In deciding any sentence, Merchan may weigh the underlying seriousness of the charges due to their ties to the 2016 election, as well as Trump's decision to go to trial rather than accept responsibility by pleading guilty.

Manhattan District Attorney Alvin Bragg's office said in a court filing last November that it had brought 437 cases including a felony charge for falsifying business records in the decade before Trump was indicted in March 2023.

Reuters has not reviewed each of those cases, some of which involve corporate defendants who by definition cannot be incarcerated.

But records maintained by the Manhattan criminal court show that at least four defendants who pleaded guilty to that charge during that period were sentenced to a year or less behind bars. Three of those defendants, unlike Trump, were also charged with crimes such as fraud and grand larceny.

The fourth individual, a construction executive who pleaded guilty in December 2015 to one count of falsifying business records as part of a commercial bribery scheme, was sentenced to one year of intermittent imprisonment, court records show. That meant spending Monday evenings through Wednesday mornings at New York City's Rikers Island jail, but he was free otherwise.

"It's probably not that often that someone's getting significant jail time on this particular charge," said Tanisha Palvia, a former prosecutor in the Manhattan District Attorney's Office.

"But because there's so much discretion involved in this, it's not unheard of that a person with no criminal history, a first-time offender, can get prison time," said Palvia, now a defense lawyer with law firm Moore & Van Allen.


Merchan has acknowledged the possibility of incarcerating Trump.

"Everyone knows that if Mr. Trump is found guilty in this case he faces a potential jail sentence," the judge said during jury selection on April 16, in explaining why he was dismissing a prospective juror who had written "lock him up" in a 2017 social media post about Trump.

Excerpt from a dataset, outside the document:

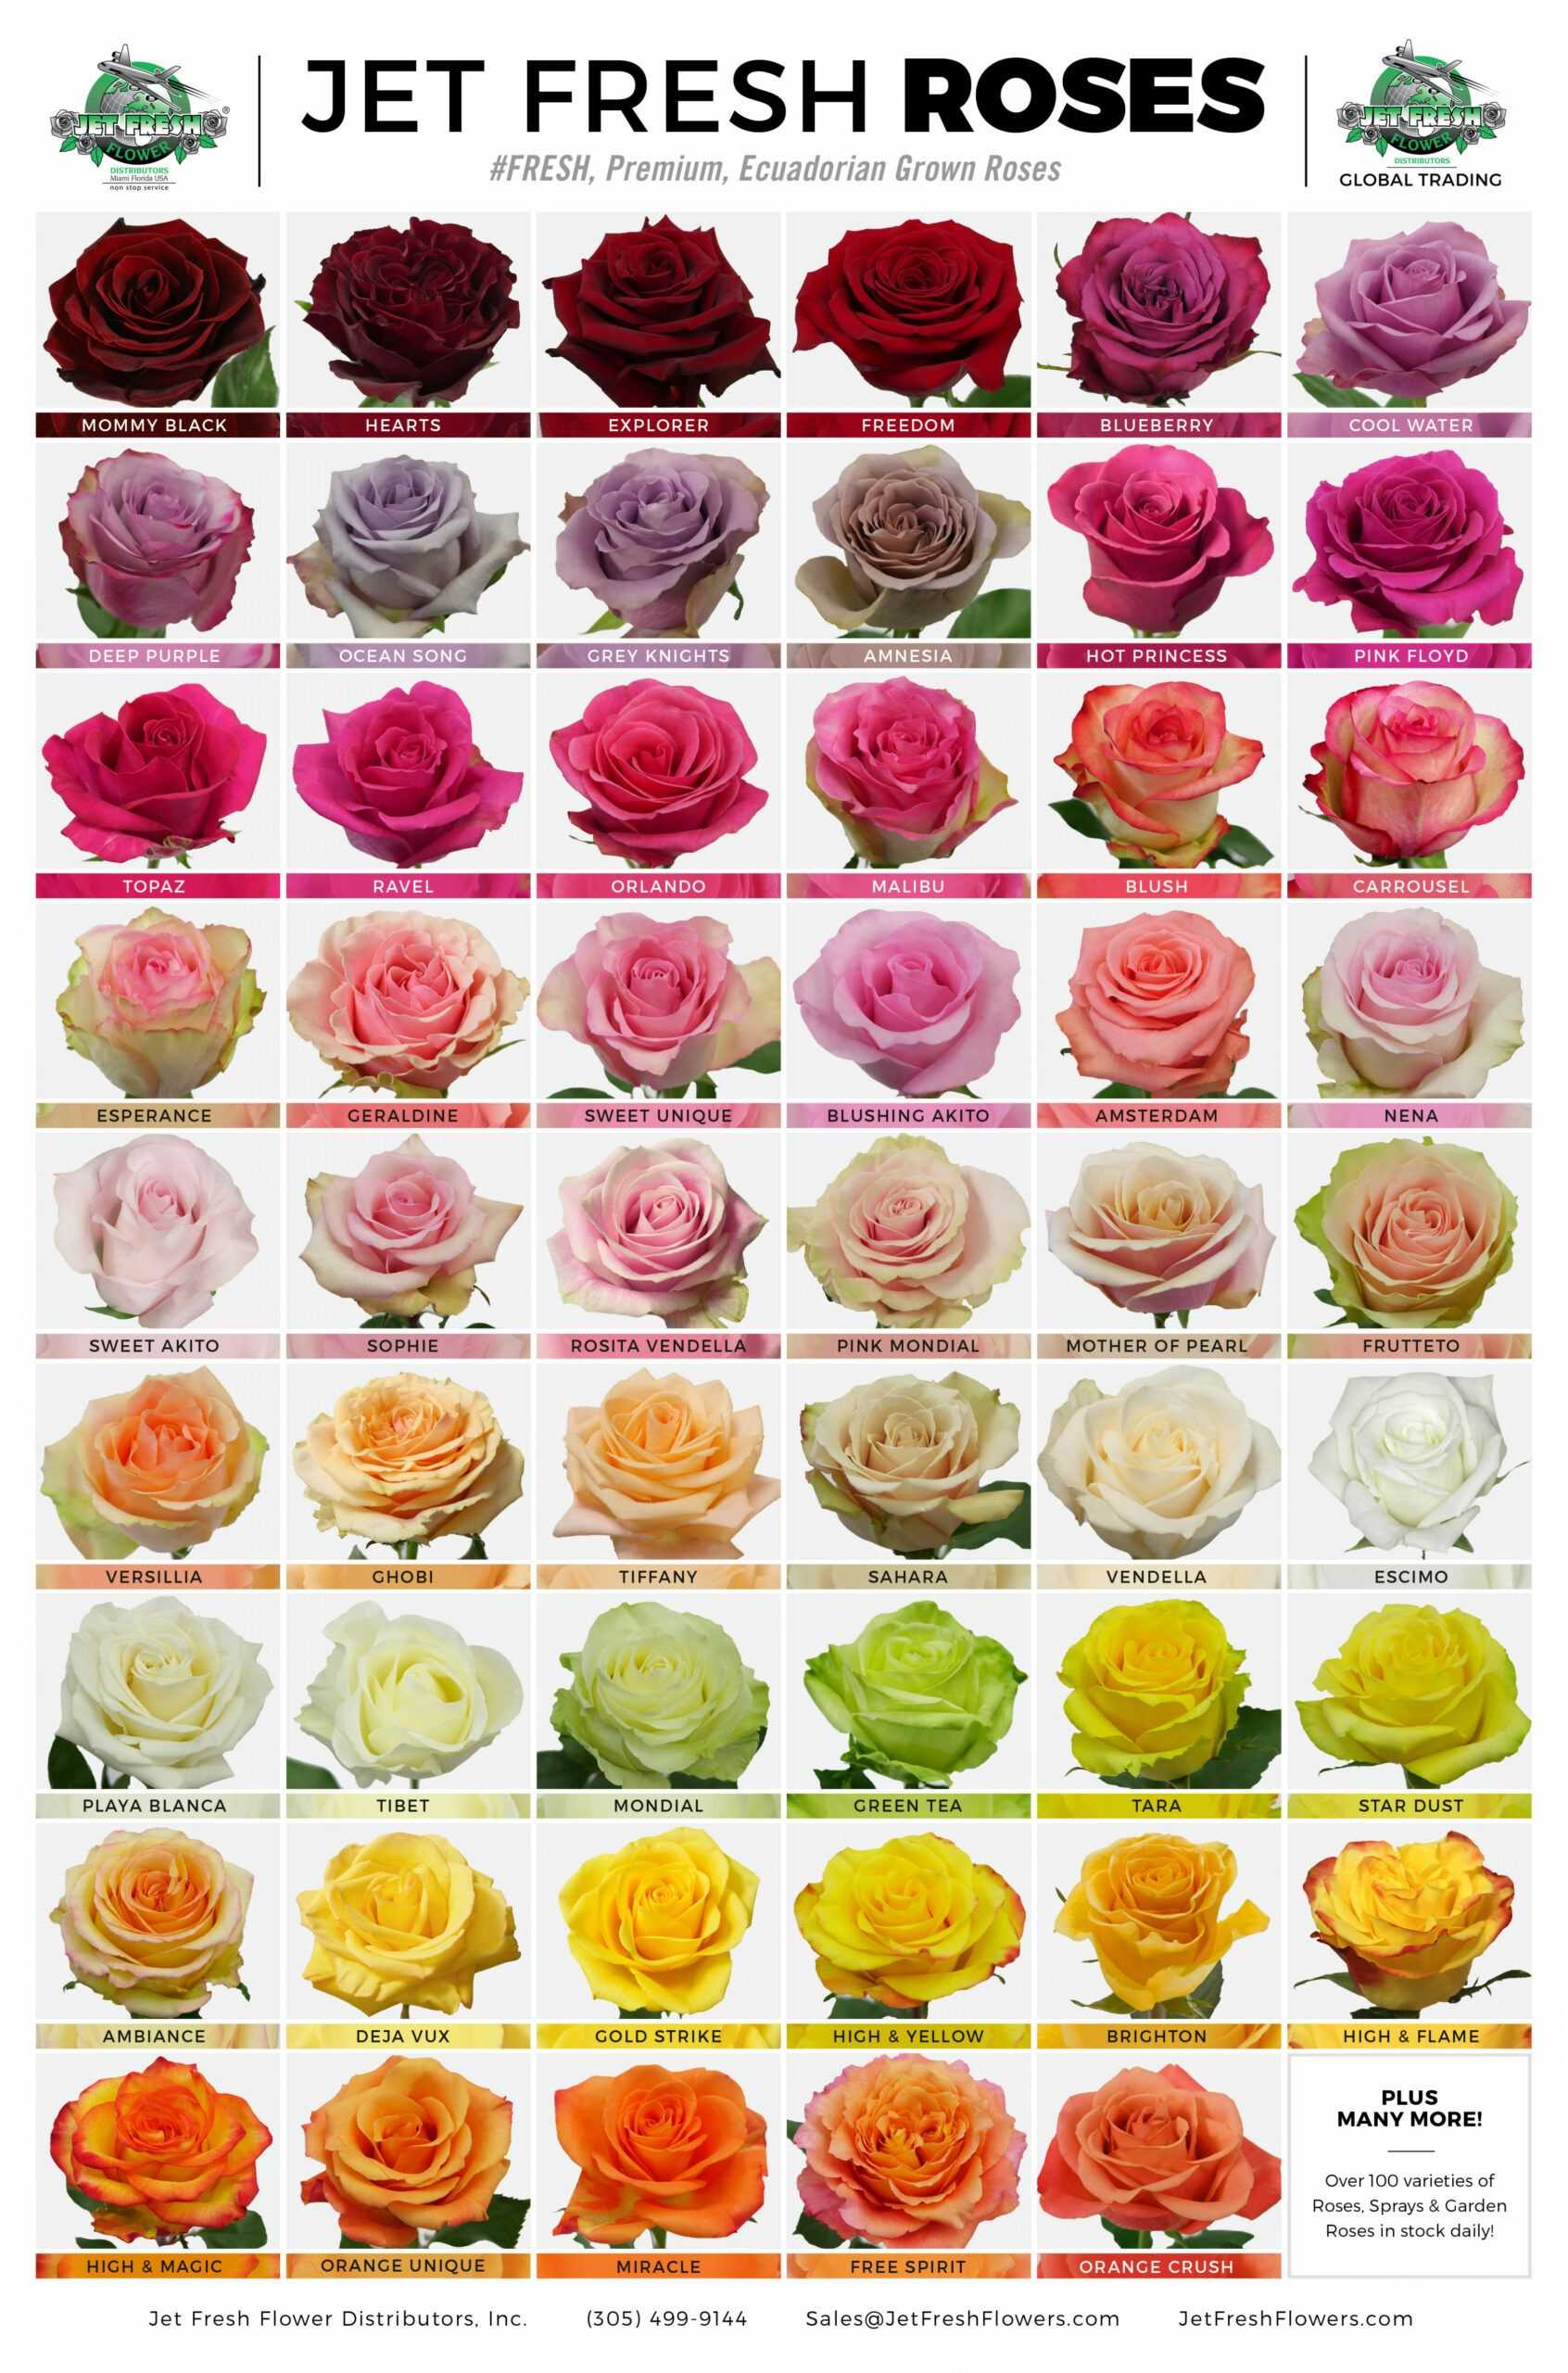 лучшие сорта роз фото и описание

Attempting to incarcerate a former president who may win the presidency again in November and is entitled to round-the-clock U.S. Secret Service protection would pose unprecedented challenges, though it is a conundrum other countries have faced.

In warning Trump on May 6 that he would be jailed for any further violations of a gag order restricting his public comments about jurors and witnesses, Merchan said he worried about how any such decision would affect court officers, corrections officials and Secret Service agents.

"Incarceration is truly a last resort for me," Merchan said. "I worry about them and about what would go into executing such a sanction."

At the time, Trump had been fined $1,000 for each of 10 violations of the gag order. To be sure, any sentence of incarceration would likely be greater in length and significance than a stint behind bars for gag order violations.

Another factor that Merchan may consider is Trump's decision to take his case to trial. While any criminal defendant has the right to do so, judges often look favorably on people who admit culpability and express remorse.

"It's hard to predict, but I would agree that it's not an impossibility," Rebecca Roiphe, a professor at New York Law School and a former prosecutor in the Manhattan District Attorney's Office, said of a possible Trump incarceration. "Sentencing is an art, not a science."